VISUAL ART INTERVIEW

Aritst Hava Gurevich, standing in a blue and black dress, is next to one of her paintings hanging on a brick wall. The painting features pink-ish flowers on a yellow background.

Hava Gurevich stands next to her painting Desert Sun at Matthaei Botanical Gardens. Photo by Peter Sparling.

Hava Gurevich beautifully imagines and creates her own artistic ecosystem.

The Ann Arbor artist blends nature’s vibrant colors with unique lifeforms and hypnotic botanical, aquatic, and microscopic motifs to capture a universal interconnectedness. 

Those stunning linkages thrive and evolve across Gurevich’s latest acrylic art exhibit, Inspired by Nature: 20 Years of Art by Hava Gurevich, at the University of Michigan’s Matthaei Botanical Gardens in Ann Arbor.

“My work is very aquatic and botanical, but it’s been more botanical in the last few years because I’m not close to any body of water that has life in it,” said Gurevich, whose exhibit runs through Sept. 11 and includes artwork created from 2002 to 2022.

“There’s an intentional connection to nature and an intentional connection to plants and native plants, like prairies and wildflowers, and it’s all of those concepts that are in my work.

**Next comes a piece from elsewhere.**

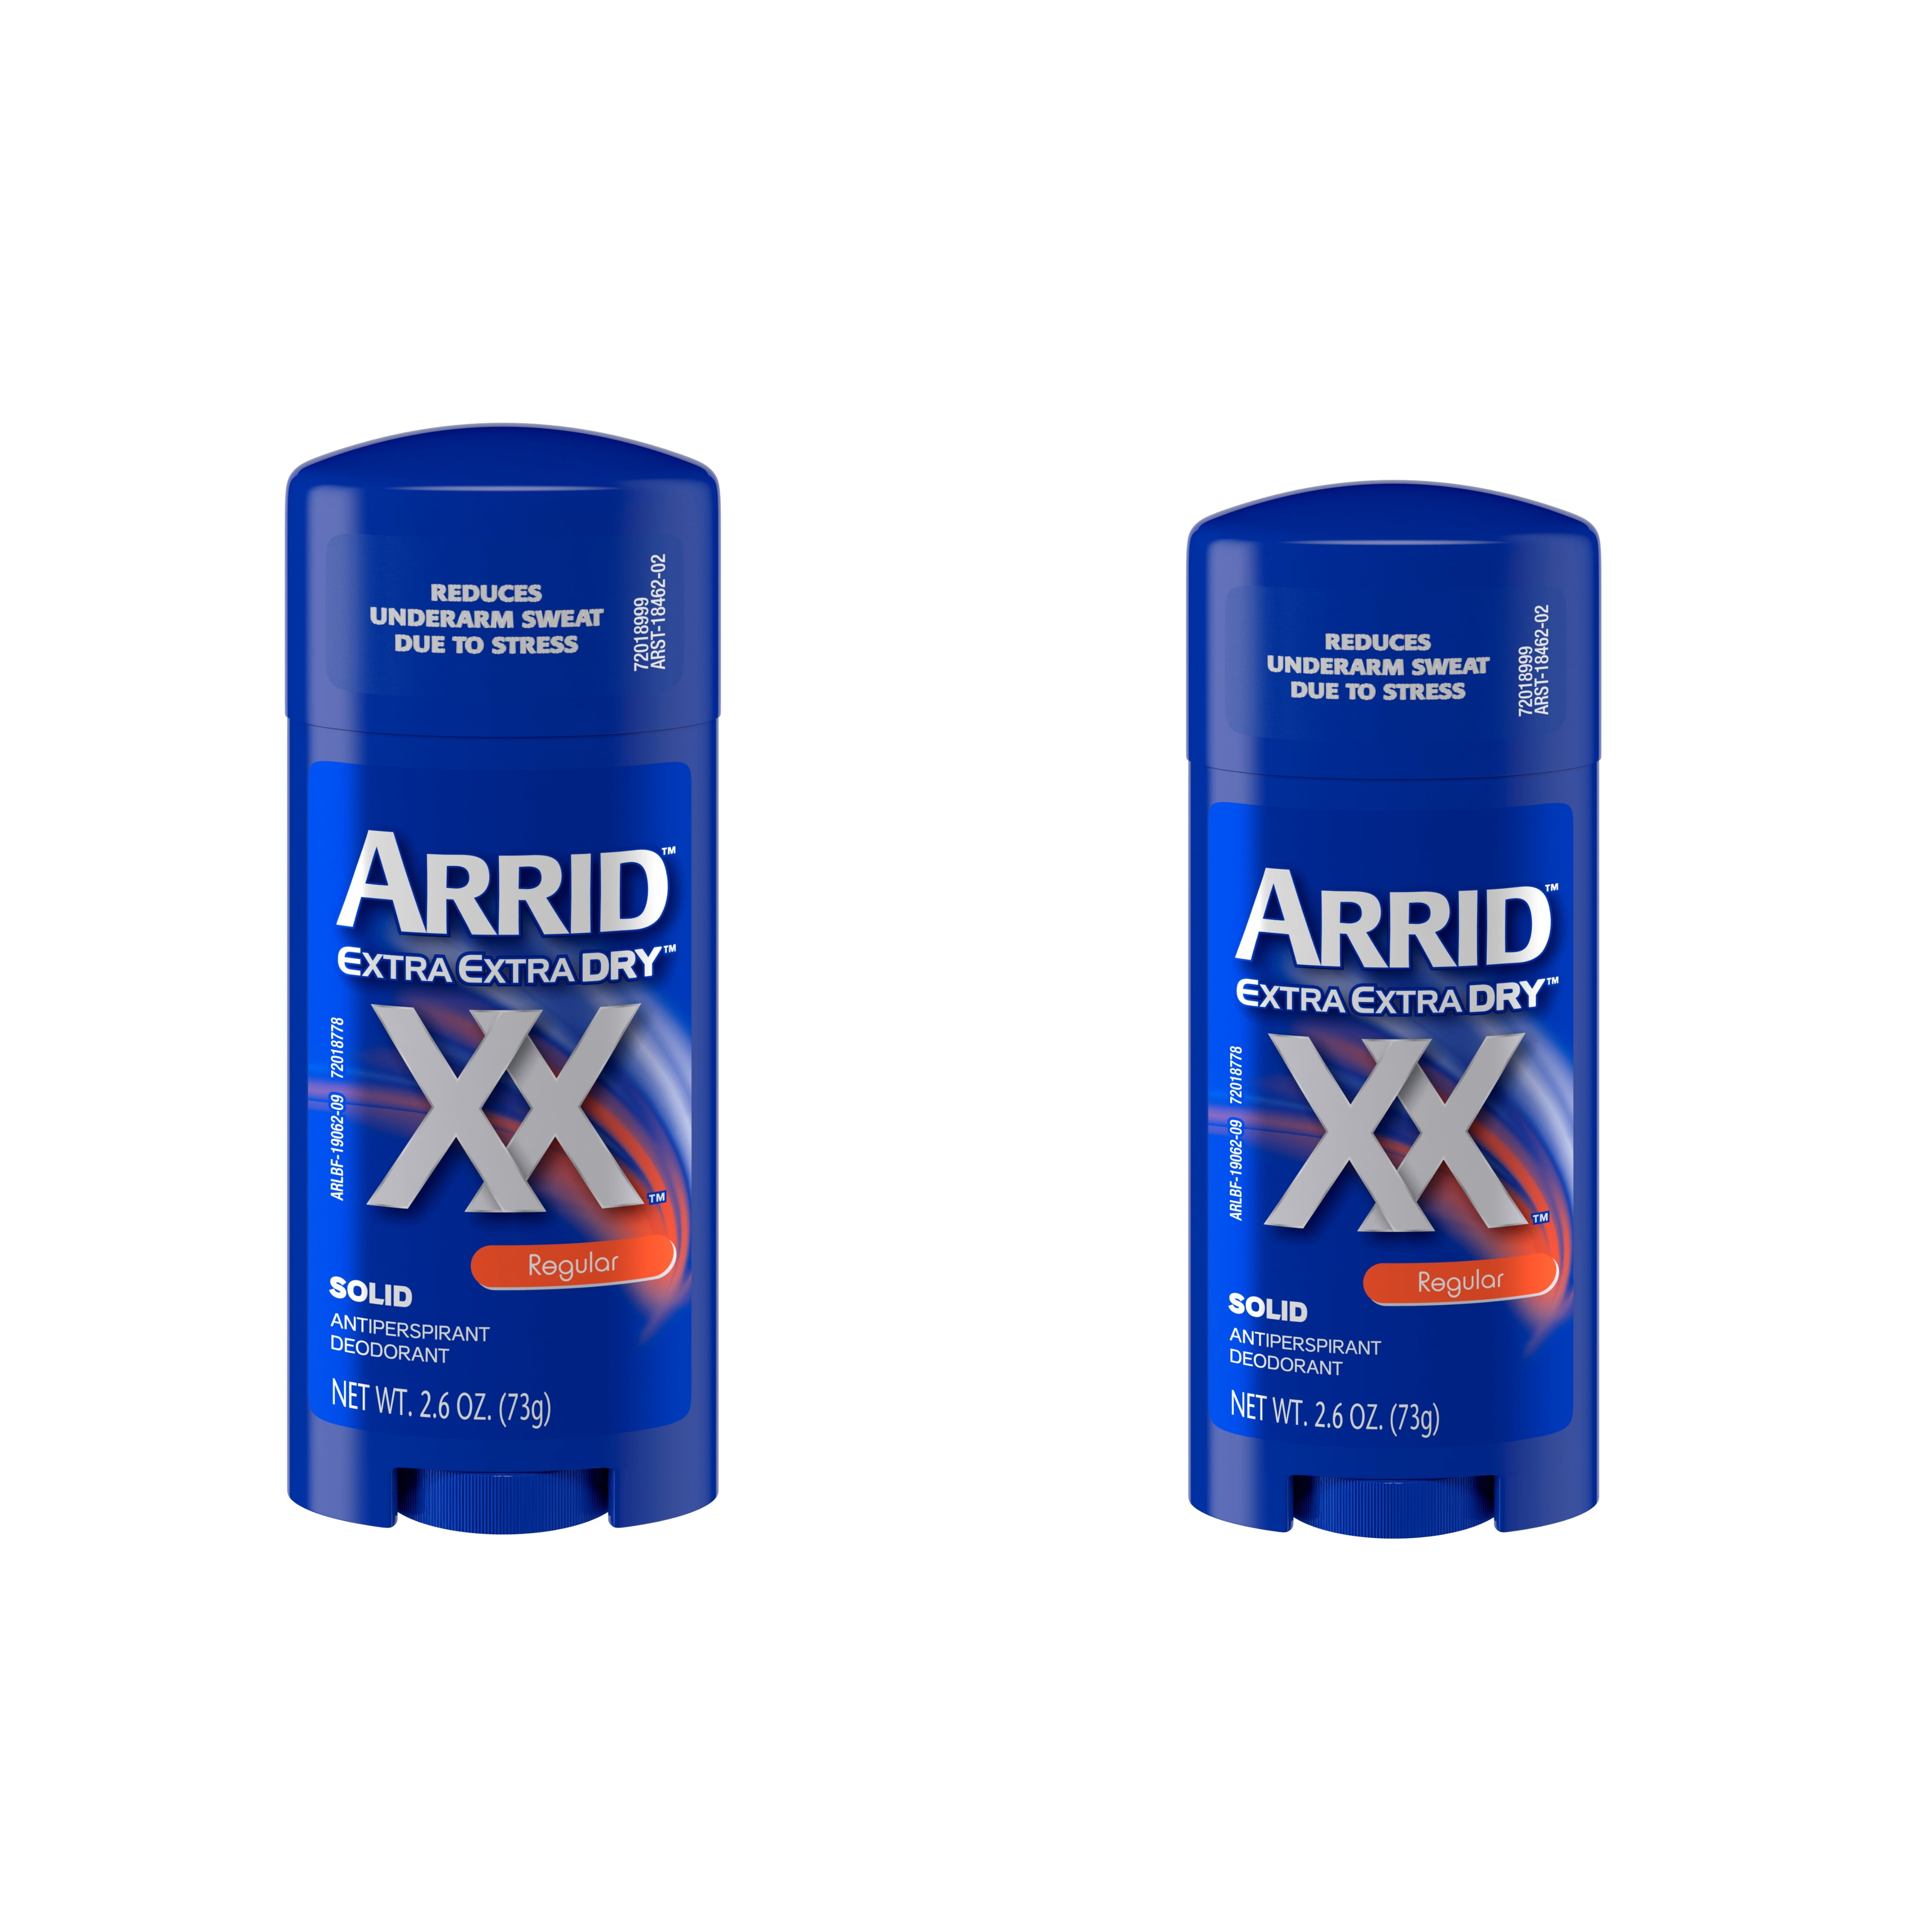 ARRID XX Anti-Perspirant Deodorant Solid Regular 2.6 oz (Pack of 2)

They’re all here … and the themes all kind of fit.”

Gurevich depicts those organic themes through 36 pieces of art, which feature elaborate patterns in nature that form and reappear across small and large-scale abstract environments as well as creatures.

Whether it’s a single-cell organism or an entire ecosystem, Gurevich celebrates the dynamic cycle of life in all its beauty and complexity. There’s an enchanting quality that flows throughout the recurring lines, shapes, and textures of her vivid artwork, which starts with photographs and sketches of nature.

Hava Gurevich with her painting Pangaea at Matthaei Botanical Gardens

Hava Gurevich with her painting Pangaea at Matthaei Botanical Gardens. Photo by Lori Stratton.

“Photography has remained an aid, and over time, when it became really clear that my work is about my experience with nature, I started using this idea of meta patterns … like a circle, a square, or a squiggly line, and that everything’s built from that,” said Gurevich, a University of Michigan and Illinois State University alumna with degrees in photography and painting.

“And that ties into biomimicry. Because in nature, there are the same processes, and they get reused over and over with the same shapes, whether they’re berries, eggs, or bubbles. I started isolating and collecting those patterns, and I would collect them with my camera.”

After collecting those initial patterns through photographs and drawings, Gurevich carefully re-created and reimagined them one bright canvas at a time over two decades. In return, an artistic microcosm emerged and flourished with abundant plant life, radiant hues of color, and communal organisms.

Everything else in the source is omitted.